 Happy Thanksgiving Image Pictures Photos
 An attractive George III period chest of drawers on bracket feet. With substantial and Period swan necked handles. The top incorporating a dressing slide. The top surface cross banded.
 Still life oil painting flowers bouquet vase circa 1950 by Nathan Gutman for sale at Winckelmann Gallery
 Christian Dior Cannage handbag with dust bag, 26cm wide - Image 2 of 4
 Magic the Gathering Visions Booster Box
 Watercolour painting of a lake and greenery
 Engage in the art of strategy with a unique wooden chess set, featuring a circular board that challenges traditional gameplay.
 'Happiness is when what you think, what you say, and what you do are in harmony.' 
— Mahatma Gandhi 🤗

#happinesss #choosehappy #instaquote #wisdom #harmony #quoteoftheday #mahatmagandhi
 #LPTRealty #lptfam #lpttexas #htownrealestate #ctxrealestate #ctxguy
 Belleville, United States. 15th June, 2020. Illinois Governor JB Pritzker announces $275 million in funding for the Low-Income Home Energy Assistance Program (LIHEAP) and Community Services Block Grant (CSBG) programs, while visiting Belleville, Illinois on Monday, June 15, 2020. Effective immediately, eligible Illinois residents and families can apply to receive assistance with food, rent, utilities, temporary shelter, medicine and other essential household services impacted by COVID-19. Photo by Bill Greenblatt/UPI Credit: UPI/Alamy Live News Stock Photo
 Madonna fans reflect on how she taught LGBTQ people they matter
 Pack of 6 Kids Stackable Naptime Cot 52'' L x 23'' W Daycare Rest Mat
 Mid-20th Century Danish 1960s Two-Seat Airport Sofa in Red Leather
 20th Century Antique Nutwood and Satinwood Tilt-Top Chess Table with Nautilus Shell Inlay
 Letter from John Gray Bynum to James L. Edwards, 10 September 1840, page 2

· · ·

Take the records above and return, word for word, only the lines that fall from the line with "are in harmony.'" to the line with "#LPTRealty #lptfam #lpttexas", both of them included.

= TASK RESULT =
 'Happiness is when what you think, what you say, and what you do are in harmony.' 
— Mahatma Gandhi 🤗

#happinesss #choosehappy #instaquote #wisdom #harmony #quoteoftheday #mahatmagandhi
 #LPTRealty #lptfam #lpttexas #htownrealestate #ctxrealestate #ctxguy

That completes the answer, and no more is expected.